The crews that I would be supporting were led by two very different people, Weasel (Sarah) and Dog (Pete), female vs male, USAF vs USN, but both equivalent of rank. Their nicknames spoke to their personalities too: when she spoke even issuing orders, Weasel spoke directly to your soul whereas Dog barked them out hard and fast. We had absolute trust in each other, and they needed me now.
Sarah and I wanted each other, but our waits could want, somewhat like what I had addressed before the wedding dinner with the finger wiggle on her hip.

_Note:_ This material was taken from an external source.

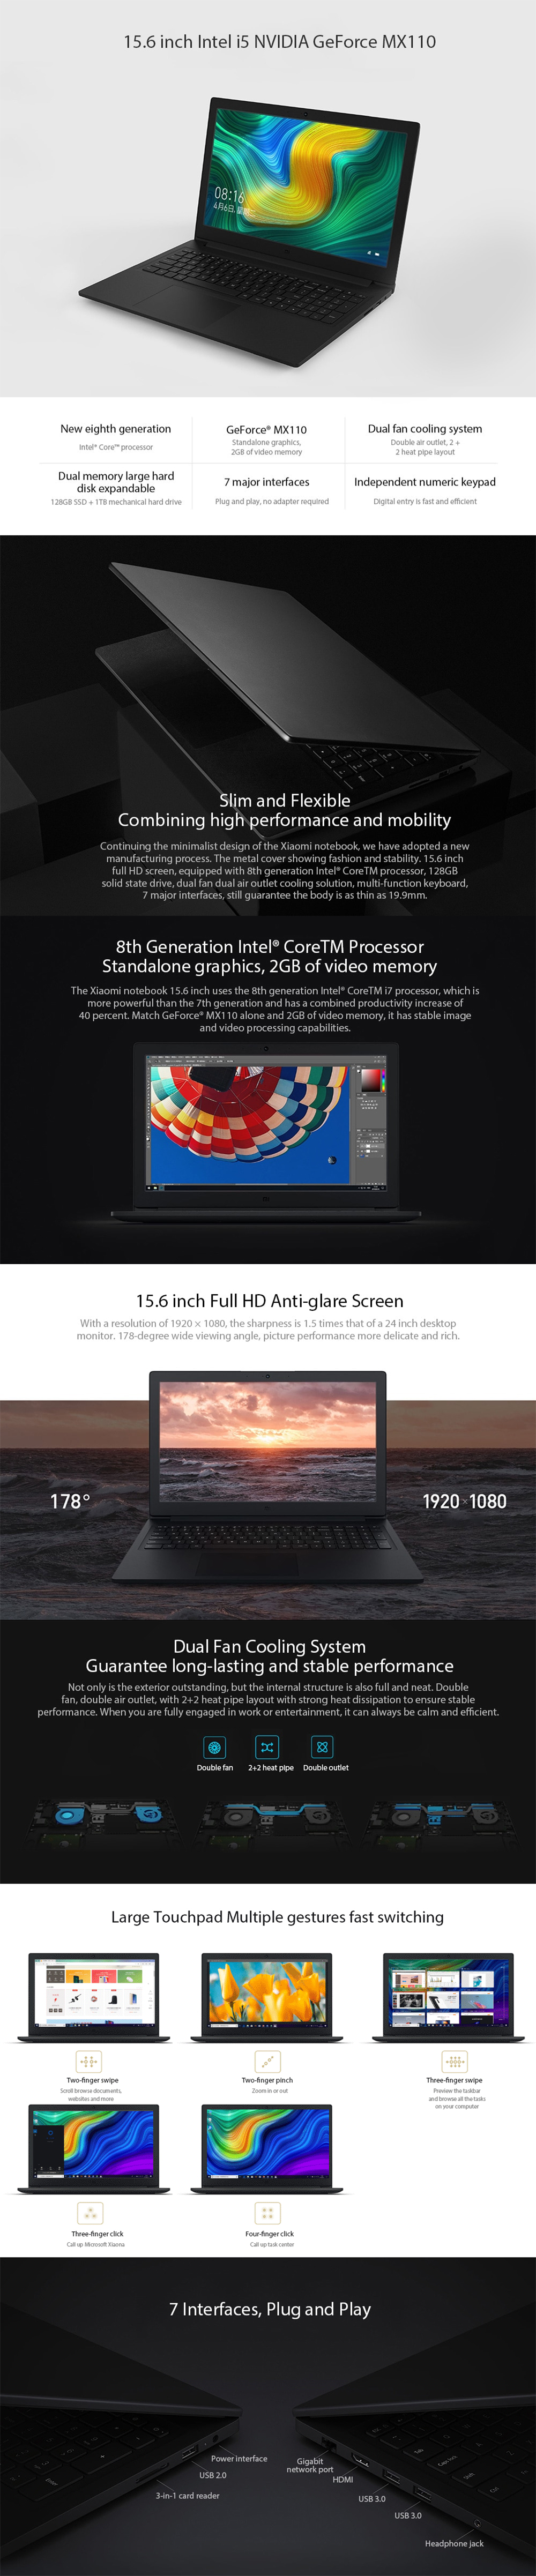 Xiaomi Mi Notebook Intel i5-8250U NVIDIA GeForce MX110 4GB DDR4 128GB SATA SSD 1TB HDD Laptop

From the off, we had so much in common. There is so much to love about her: her beauty manifested in body, spirit, intelligence, and our touch, I reminded myself tearfully, leaving her slammed me hard. But there were lots of people who had just been slammed hard. Comparably, our slam was an ant's tiptoe, and my brain knew but was still processing this as I took my seat, belted up, and plugged my Surface into the power and WIFI.
The stairs were pulled up and the engines' gearboxes engaged their fan to spool up for thrust.
Miss u, I messaged as we now had enough thrust to taxi, and we headed towards the taxiway.
Her reply: You are needed there. Counting down til we hold each other xxx. Her intelligence was ruling her heart. Even more to love about her, I knew. I had struck the big one and felt truly awful that I was leaving her alone and having to deal with The Pests who, with their badgering, had irritated us so much this week. I knew they would be bullying and pestering her to go to the hotel and be with the couples, but I felt that she would soon make the decision that was best for her, though maybe not them. We were apart, albeit for a week, but I knew it would feel like a year for both.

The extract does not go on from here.